_WORK REQUIRED_. Copy word for word the lines of the records below, beginning at the one with "dicks blackhawks jersey" and finishing at the one with "Mango Nectar 2L Bottle Golden Circle (D)", ends included, but none of the pictures.

_MATERIAL FOR THE TASK_.
Segment Open

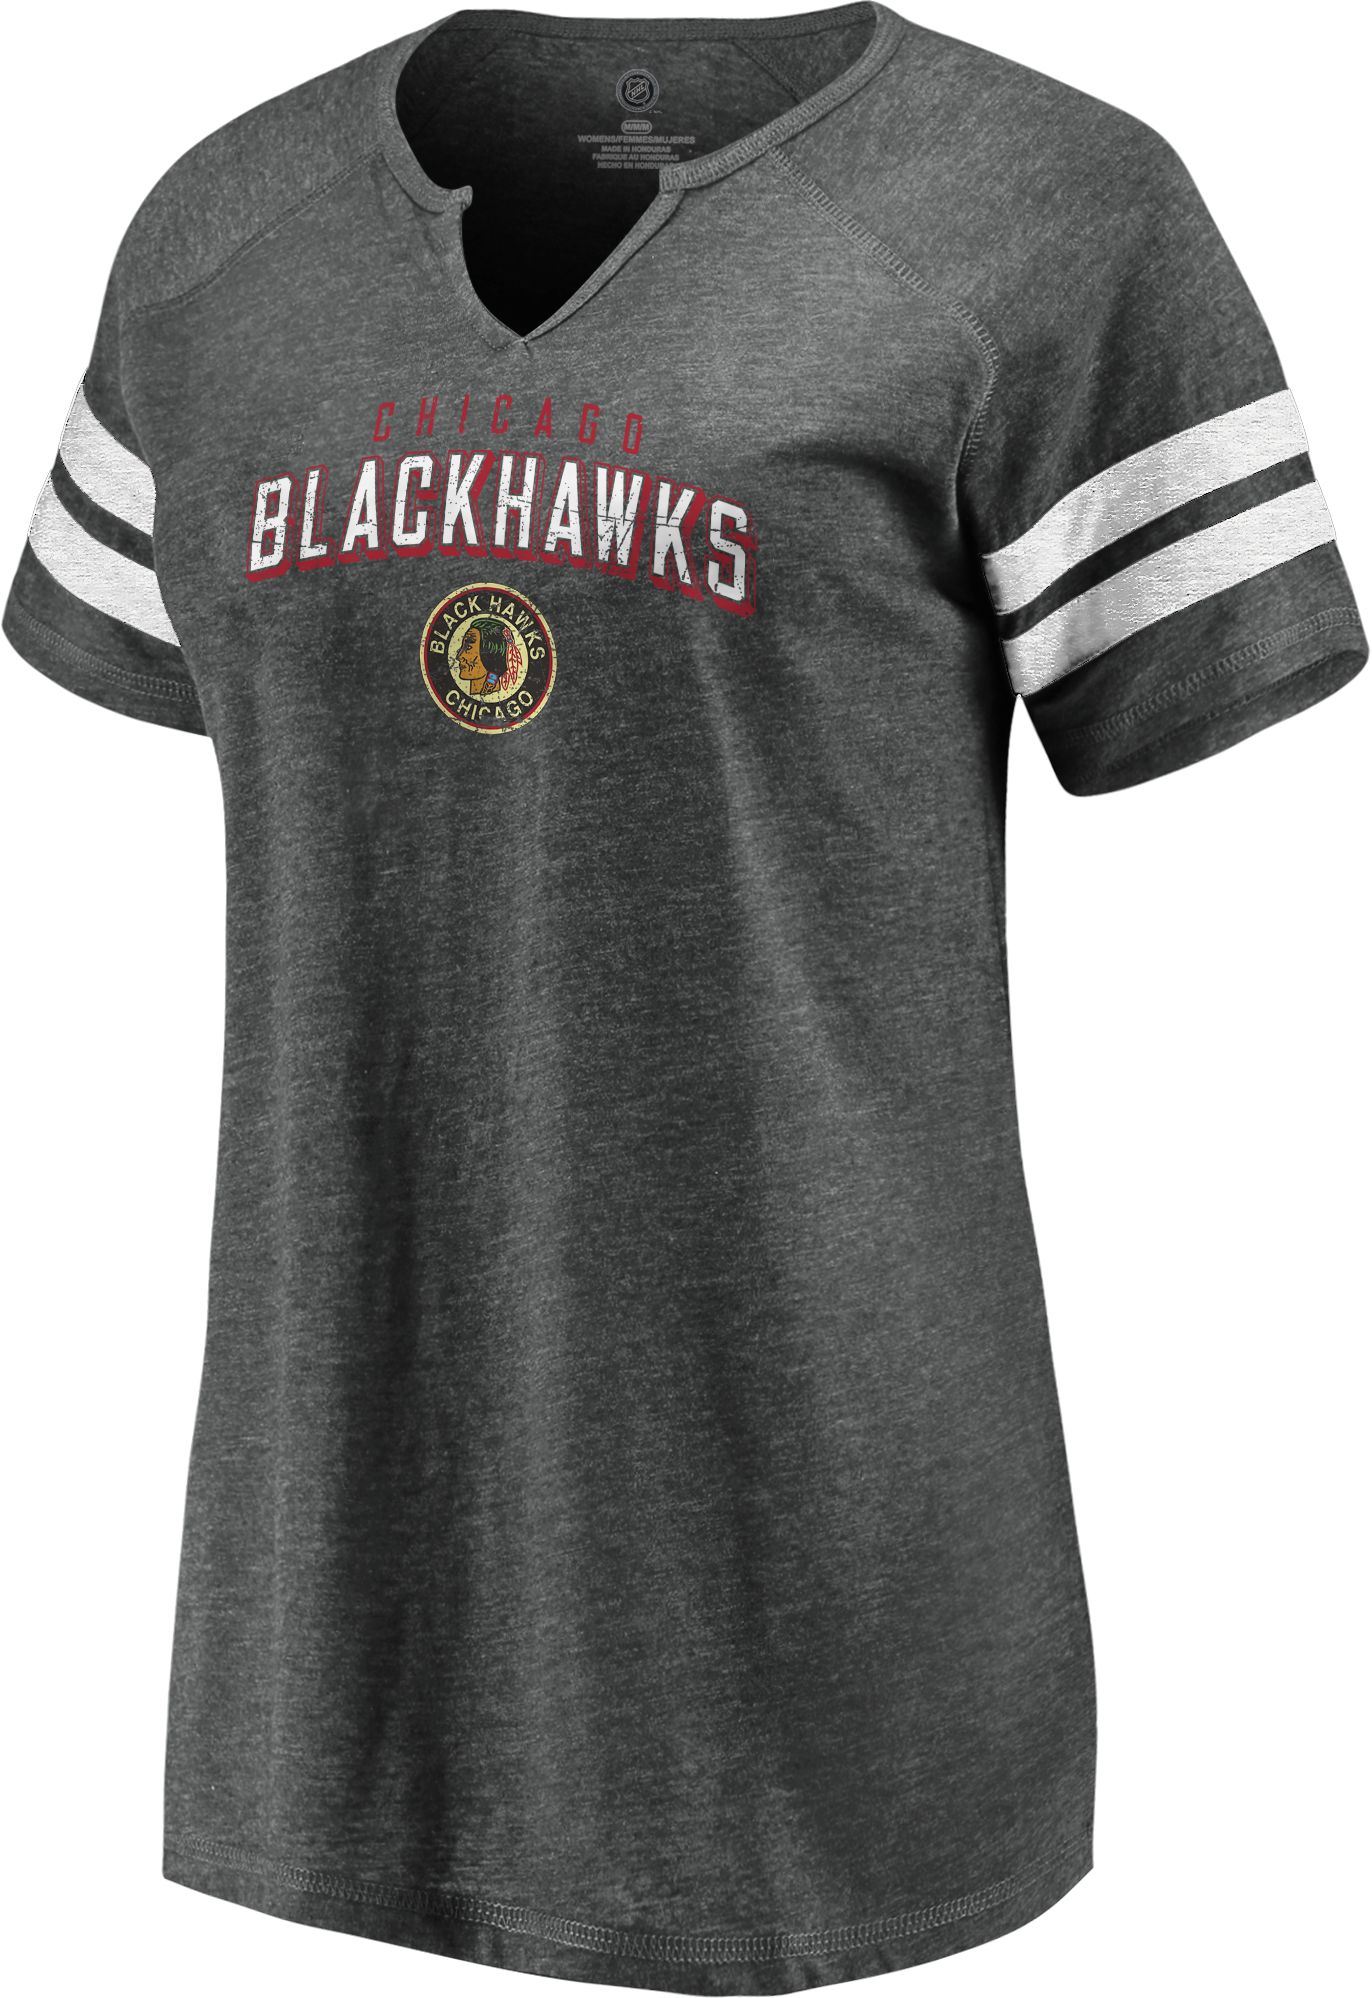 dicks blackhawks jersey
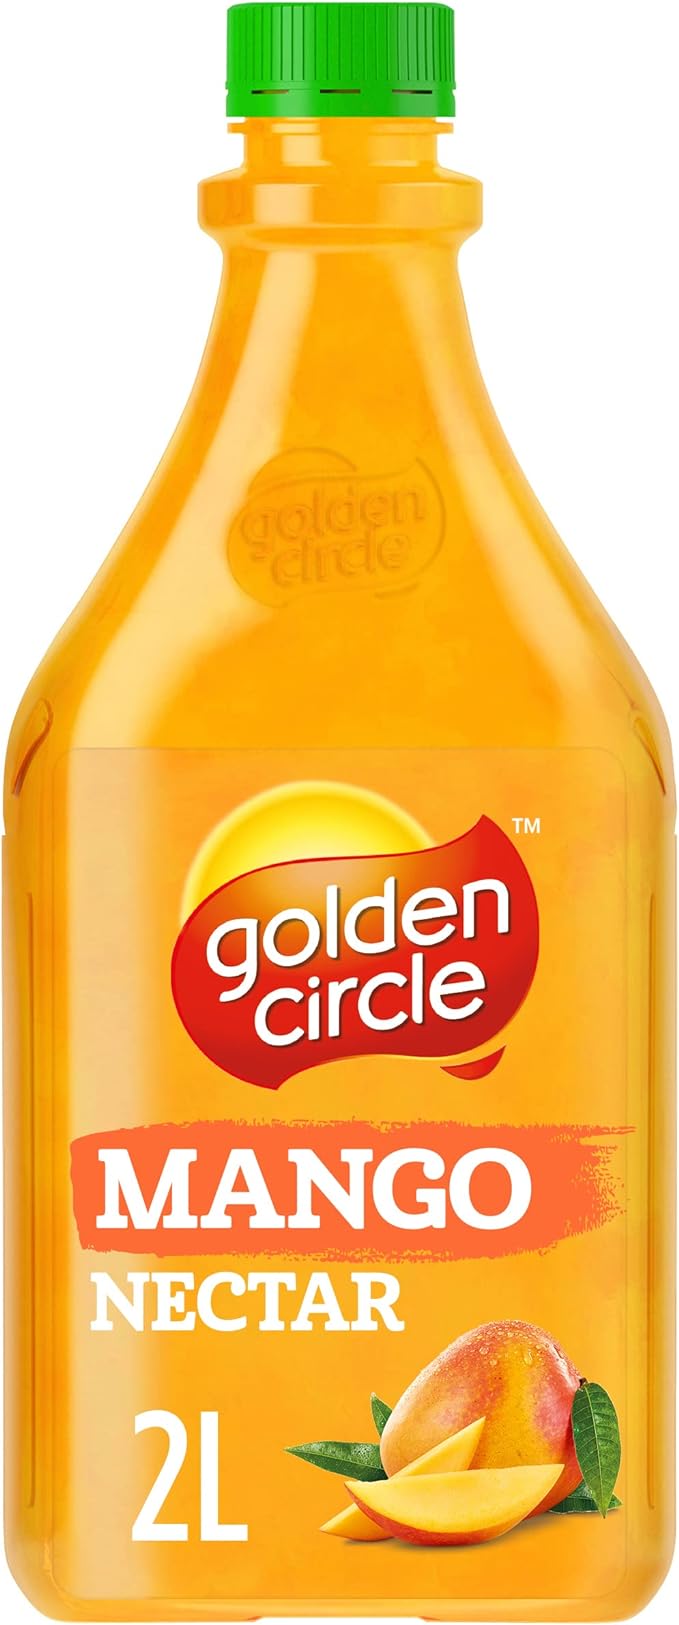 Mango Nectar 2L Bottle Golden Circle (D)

Segment Closed
Segment Open

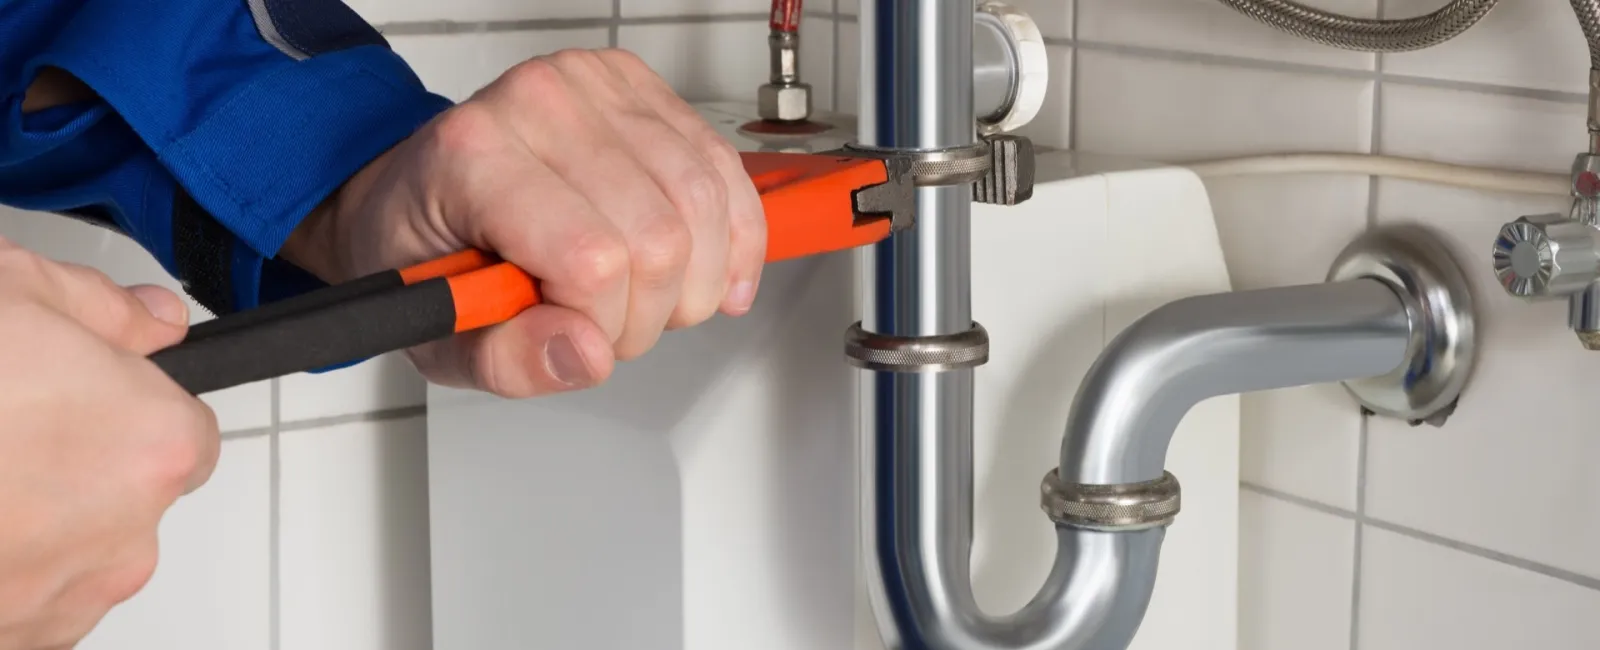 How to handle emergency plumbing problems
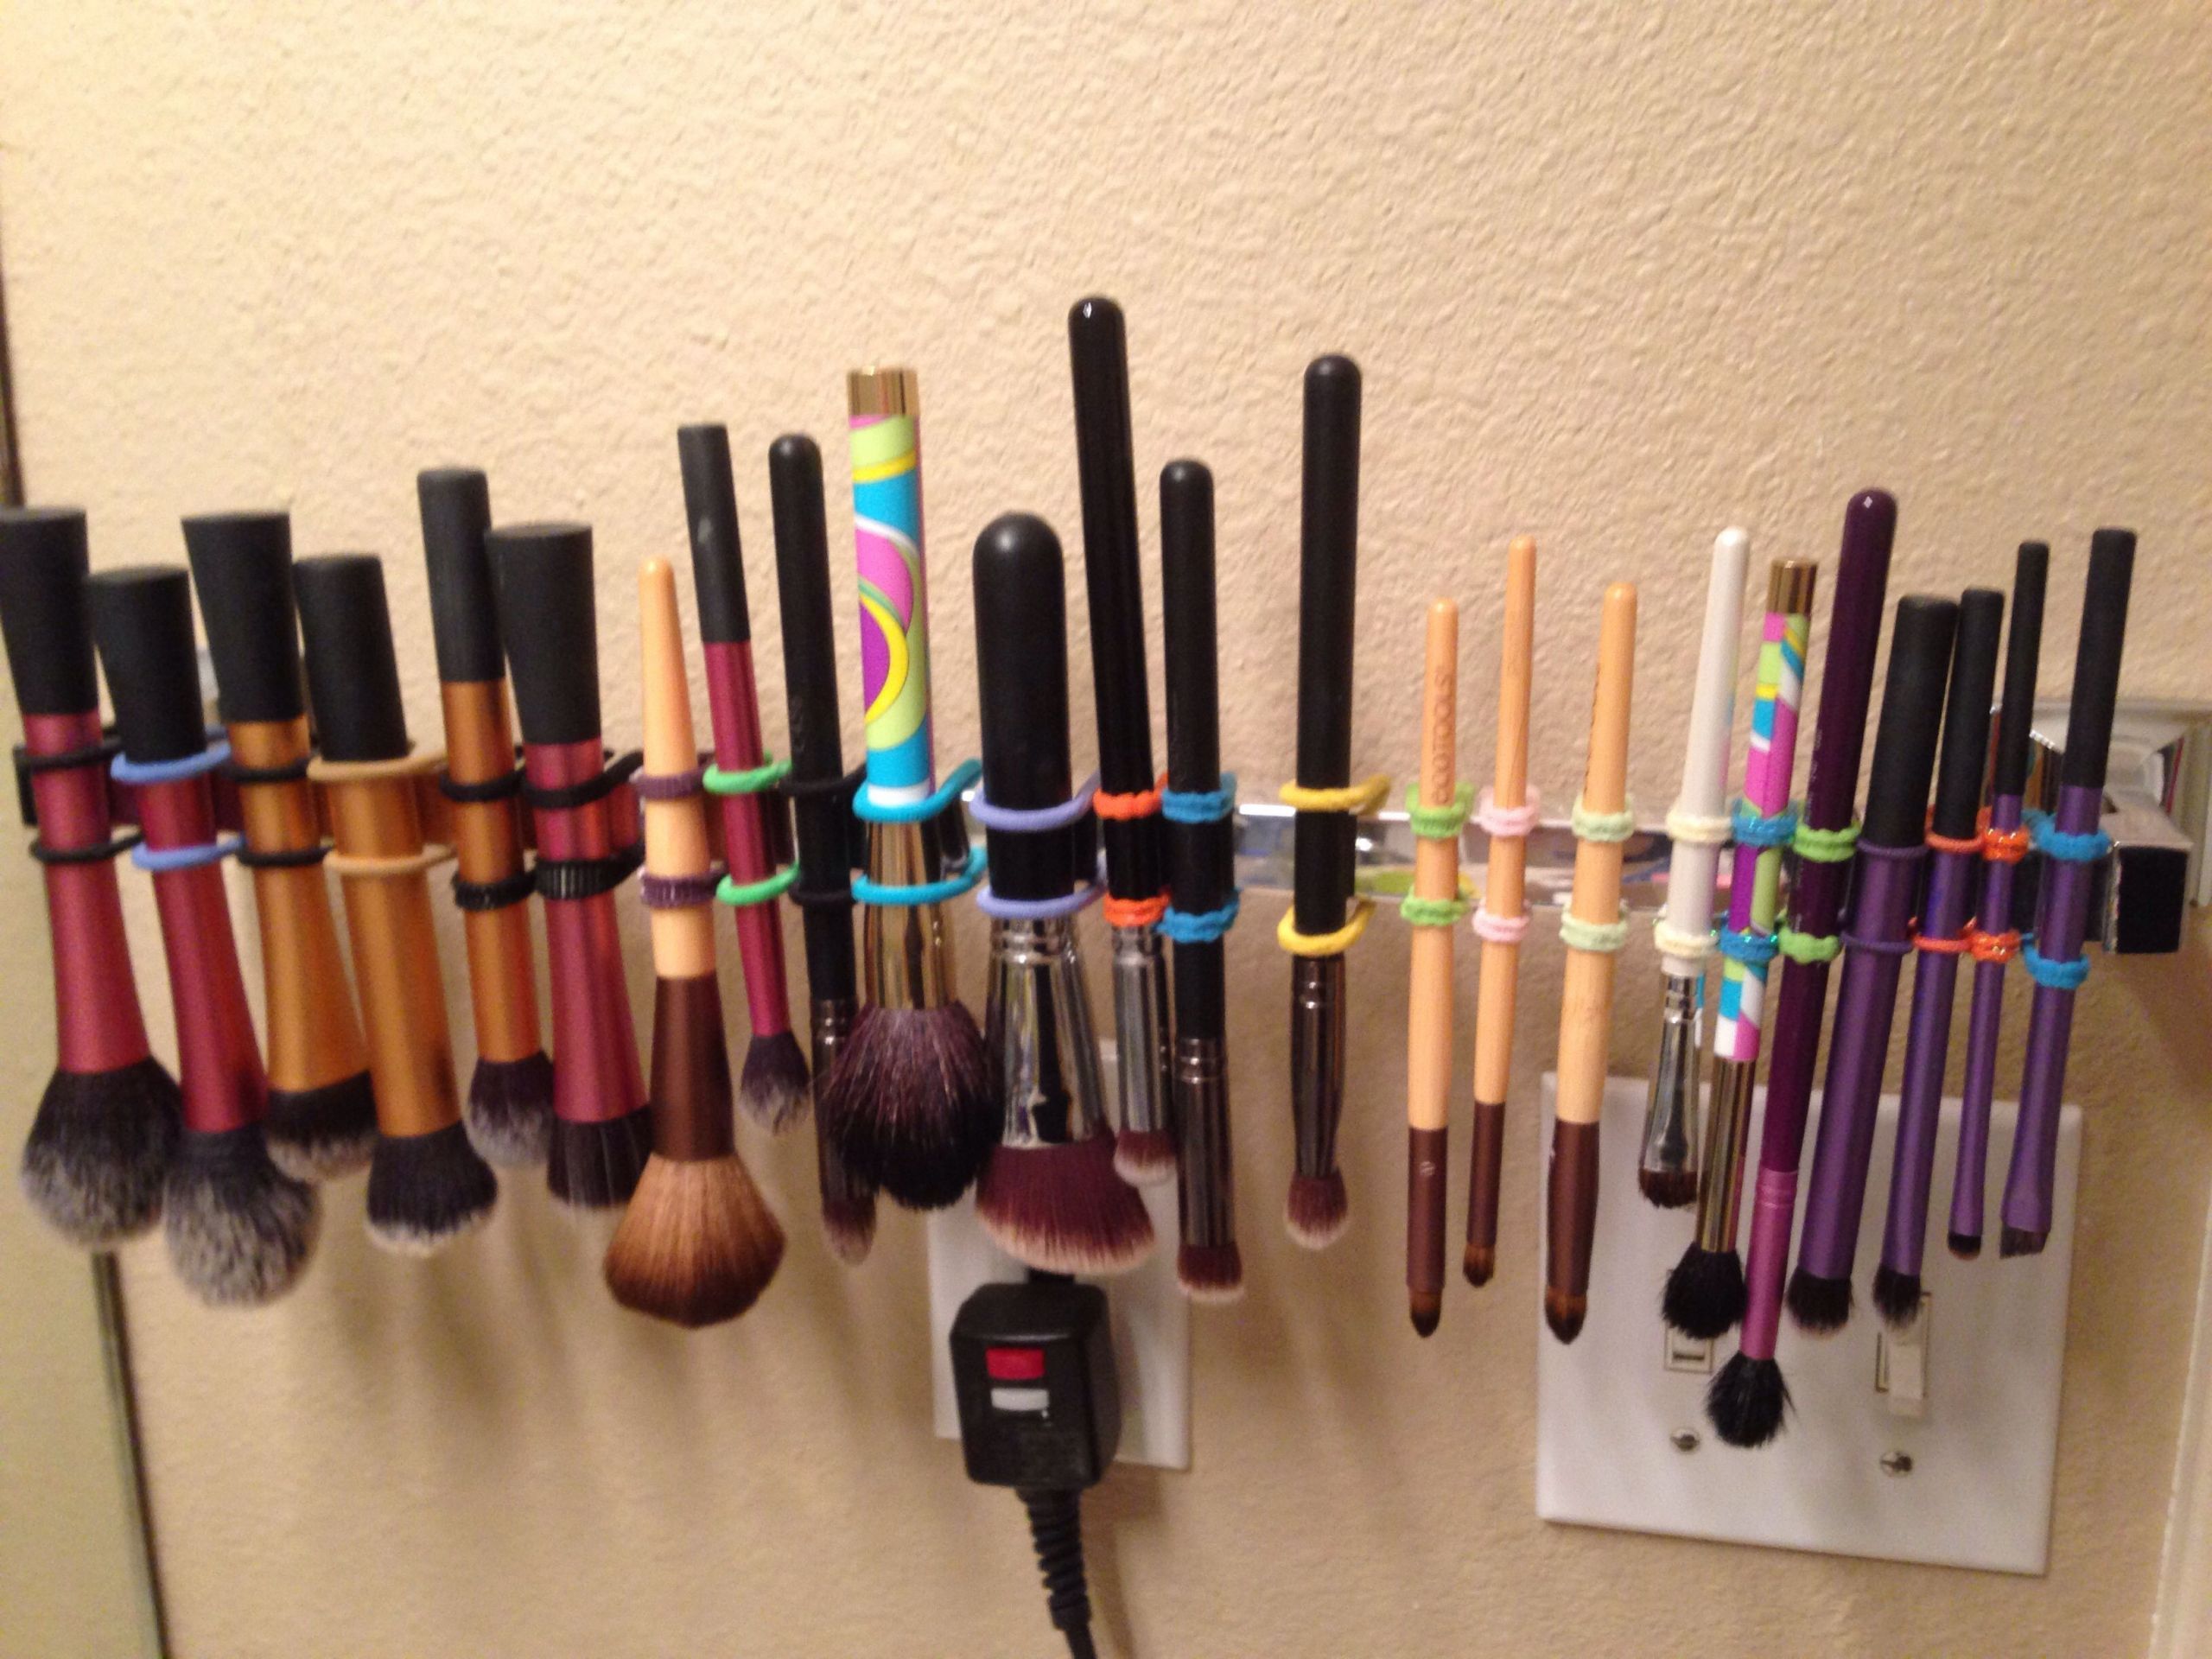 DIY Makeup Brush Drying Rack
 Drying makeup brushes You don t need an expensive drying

Segment Closed

_PROBLEM SOLUTION_.
 dicks blackhawks jersey
 Mango Nectar 2L Bottle Golden Circle (D)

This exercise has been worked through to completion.